The Religion by Tim Willocks, on the other hand, chooses this epochal siege as the grand setting for a tawdry tale that does violence to both history and good taste. The main protagonist (Tannhauser) is a former Christian, former Janissary and current new-agey libertine materialist with a penchant for wenching, opium, and extreme violence. All of the antagonists, without exception, are Roman Catholic priests and monks--including the shadowy figure of one Michele Ghislieri who would become Pope Saint Pius V. The "Black Legend" looms large in this novel, and the Inquisition (cue scary organ music), imagined as KGB-like spy network that engages in wanton extralegal brutality, plays a major role--at one point even conspiring to murder Grand Master La Valette himself.
I will give the author credit in that the novel is, for the most part, decently written and he has done enough research to get the basic facts and timeline of events correct. The Religion, however, suffers from the following flaws that made it almost unreadable in my opinion:
- The fictional main character is a sort of deus ex machina responsible for all the defenders' winning stratagems. Rather than give La Valette and his knights credit for their amazing strategic and tactical vision as recorded by history, the author makes them hyper-violent pawns who put Tannhauser's brilliant ideas into practice. It's a good thing this fictional superman showed up, or else the battle would have gone quite differently. Sigh.
- Unnecessary and ubiquitous sex scenes. If you can't stomach sex acts described in grotesque detail, skip this book because there are many such scenes. Way too many. And seriously tacky ones, too. And like a cheesy romance novel, the sex scenes often happen in wholly ludicrous circumstances. There is also a hideous rape scene. By page 100, the author has pretty much exhausted his catalog of terms for a woman's private parts.

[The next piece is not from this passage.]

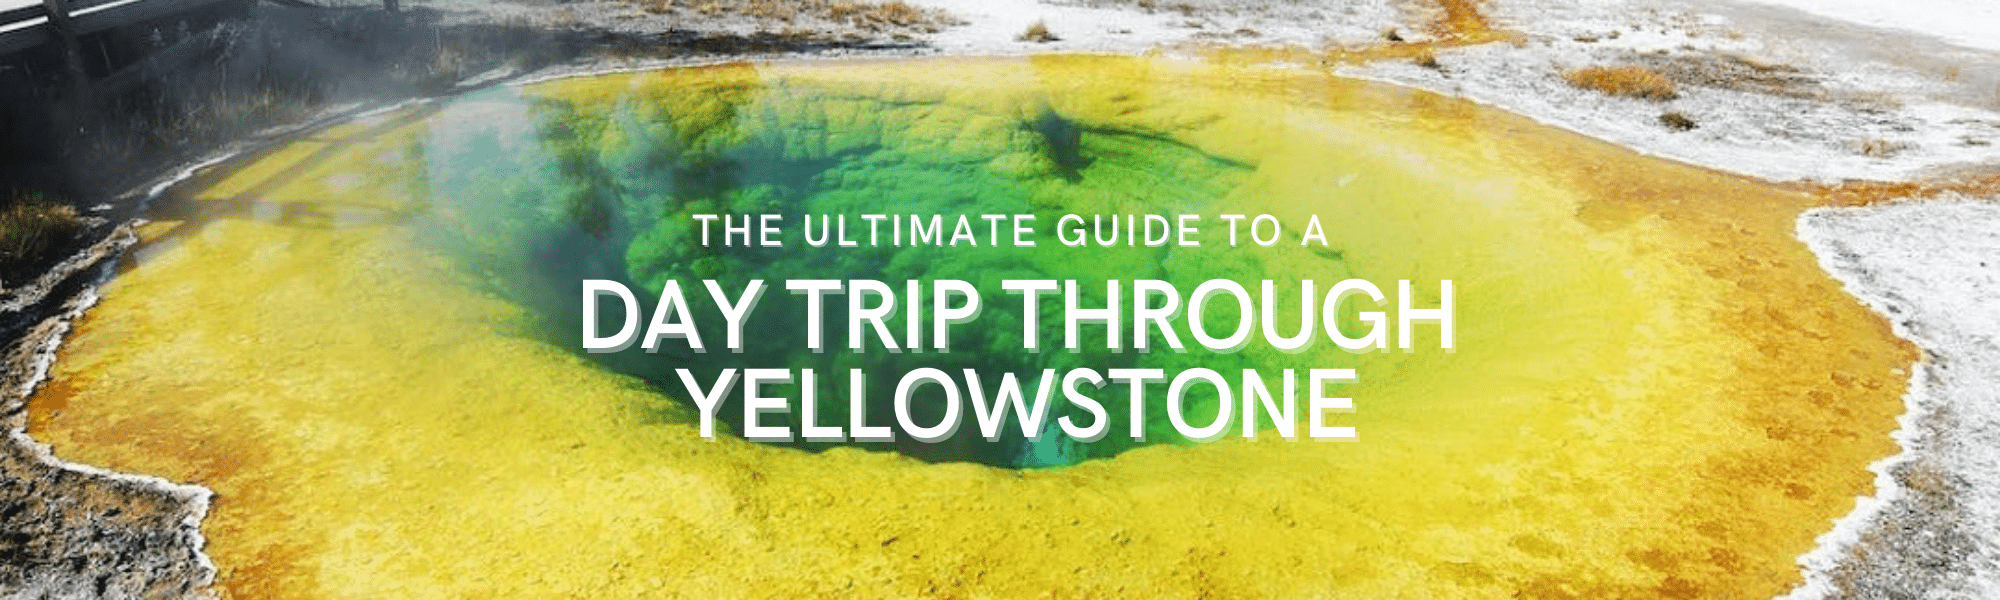 Day Trip Through Yellowstone

- Strange portrayal of women characters. As an unsurprising adjunct to the above, the main women characters in the book are basically two-dimensional sex-toys who both manage to fall for the hero at the same time and yet not despise each other. Given the author's understanding of "love" as little more than an answer to the urgent call of one's generative organs, this is perhaps not surprising
- A slavish dedication to 21st century moral and political trends that made the plot predictable. For example, Catholicism is treated with a contempt that has become practically de rigueur for novelists these days. The author makes up atrocities out of whole cloth to sully the Catholic characters--particularly the Knights. The Catholic characters are all either bloodthirsty fanatics, ignorant barbarians, base hypocrites, scheming churchmen, or deluded simpletons who come to their senses thanks to the syncretist wisdom of Tannhauser. At the same time, Islam is handled with kid gloves. While the author moralizes endlessly about the warlike activities of the Christians, he offers no such condemnation of the fact that the Turks are waging an aggressive war of conquest in the first place. The process of "recruiting" Janissaries was glossed over. The term "bastinado" is mentioned but never explained. The few Turks who are given more than a cursory treatment are noble intellectuals or joyful, kind-hearted common folk. Once you understand that these views are built into the plot, the outcome of the tale will be unsurprising.
In summary, if you are a secular sort who enjoys historical fiction that's loaded with sex and takes plentiful cheap-shots at Catholicism, you'll no doubt love this book. If you'd prefer to read a novelization of the Great Siege which is dramatic, intense and close to the history without all the excess baggage, I would heartily recommend Angels in Iron as mentioned above.